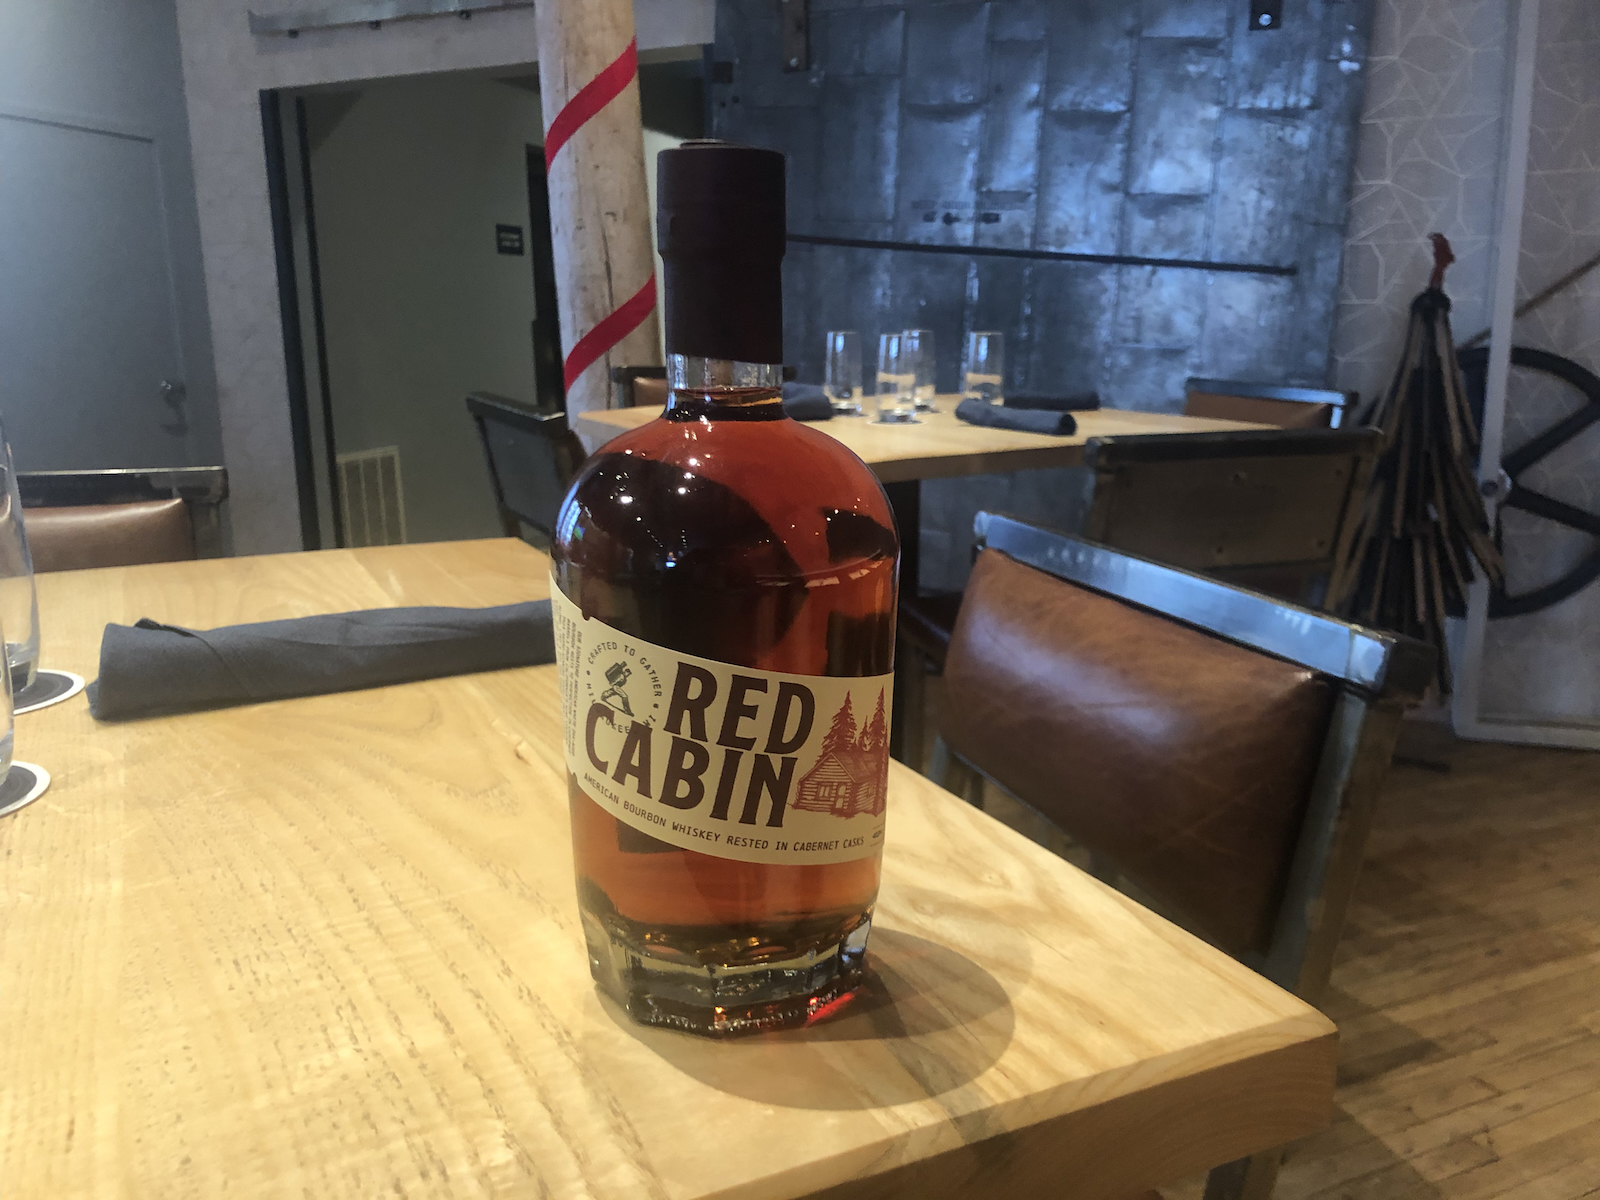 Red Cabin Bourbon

---

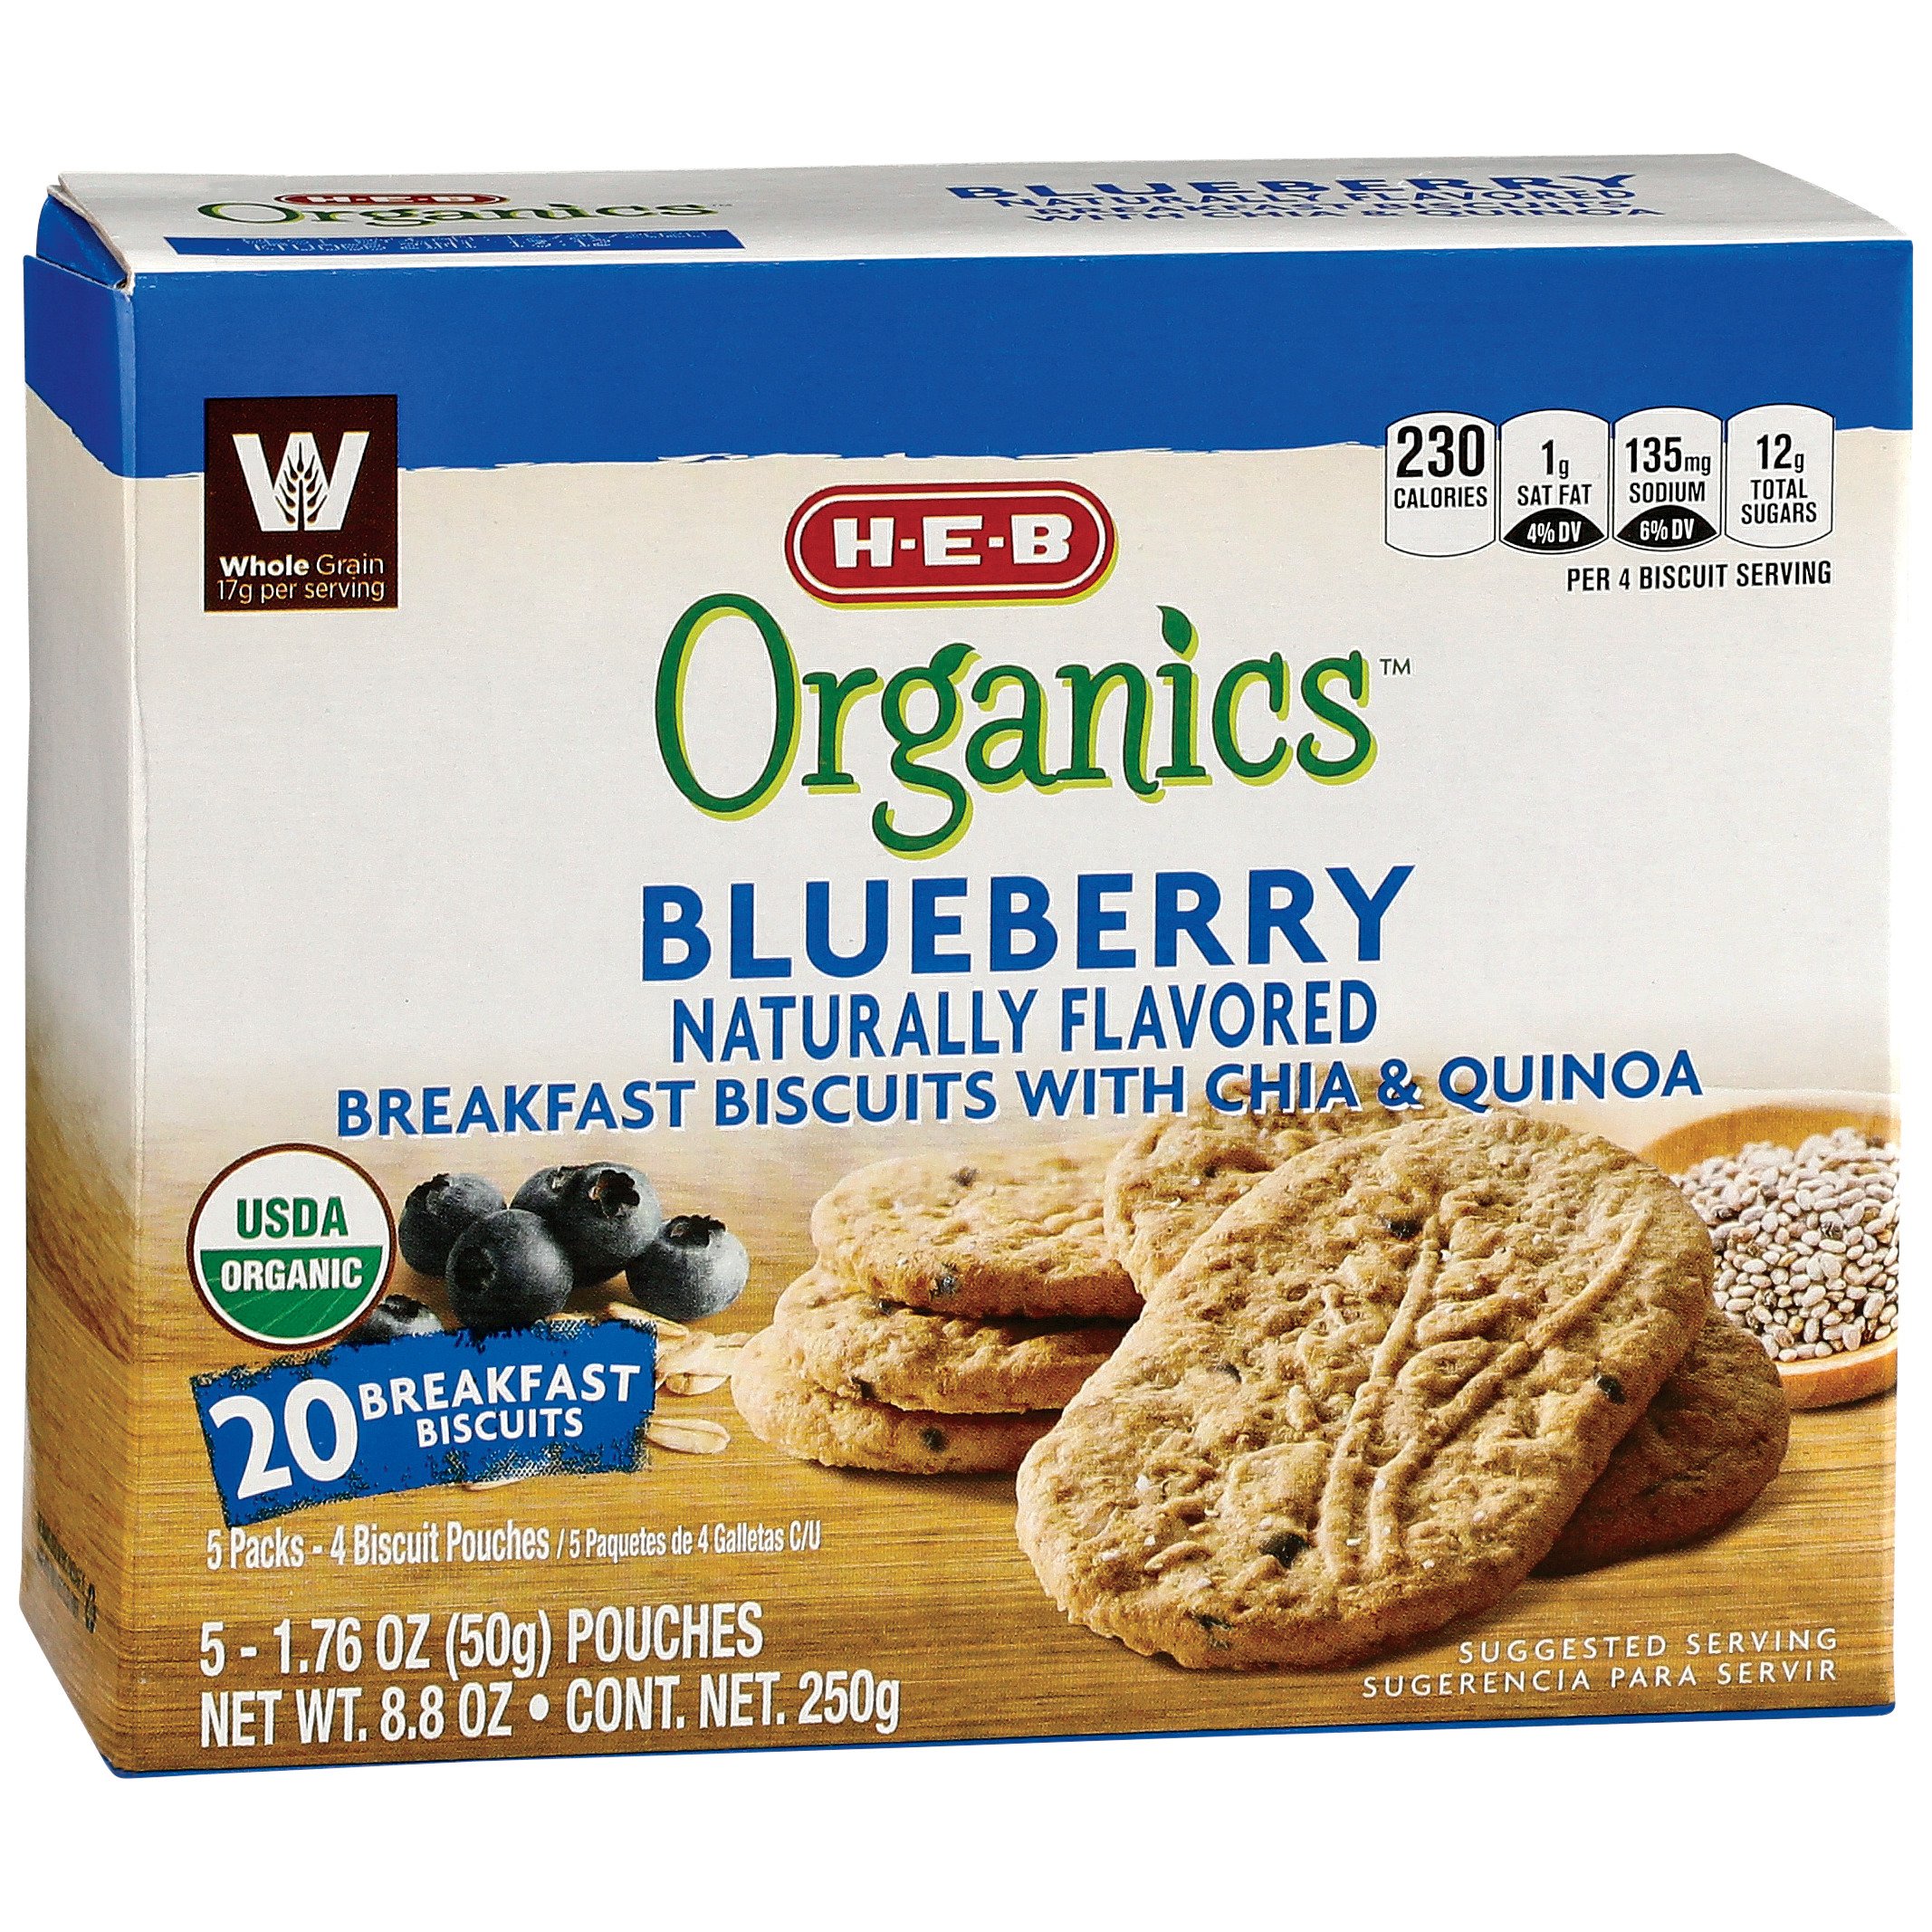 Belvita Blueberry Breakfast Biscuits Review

...

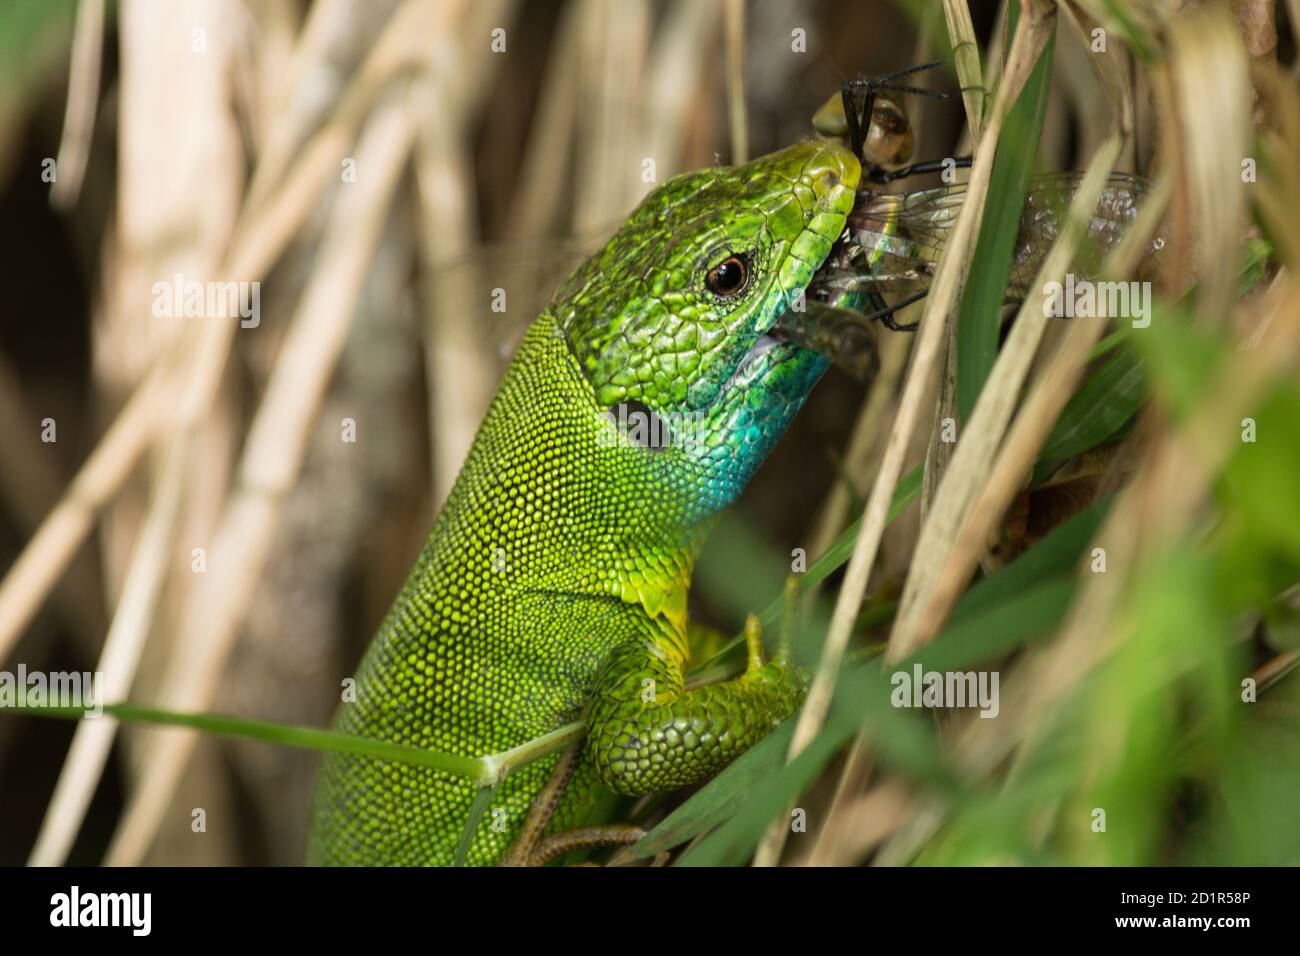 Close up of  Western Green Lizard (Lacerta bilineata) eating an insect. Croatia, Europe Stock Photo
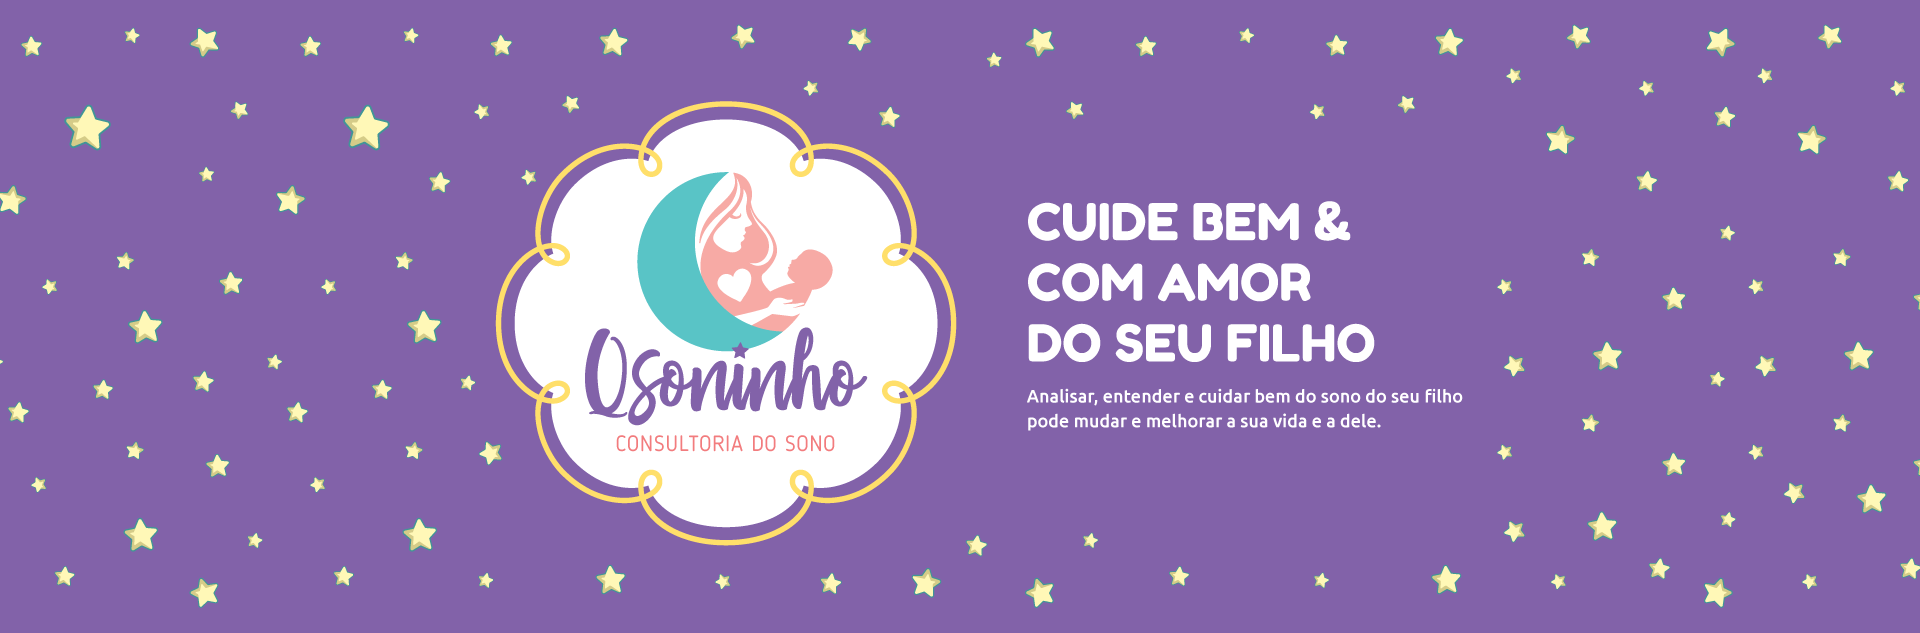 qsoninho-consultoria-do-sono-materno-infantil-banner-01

WHAT THE EXERCISE ASKS: Repeat only the stretch of data above that runs from the line with "Close up of" to the line with "qsoninho-consultoria-do-sono-materno-infantil-banner-01". Keep both end lines; exclude pictures.

RESPONSE FOR THIS EXERCISE:
 Close up of  Western Green Lizard (Lacerta bilineata) eating an insect. Croatia, Europe Stock Photo
 qsoninho-consultoria-do-sono-materno-infantil-banner-01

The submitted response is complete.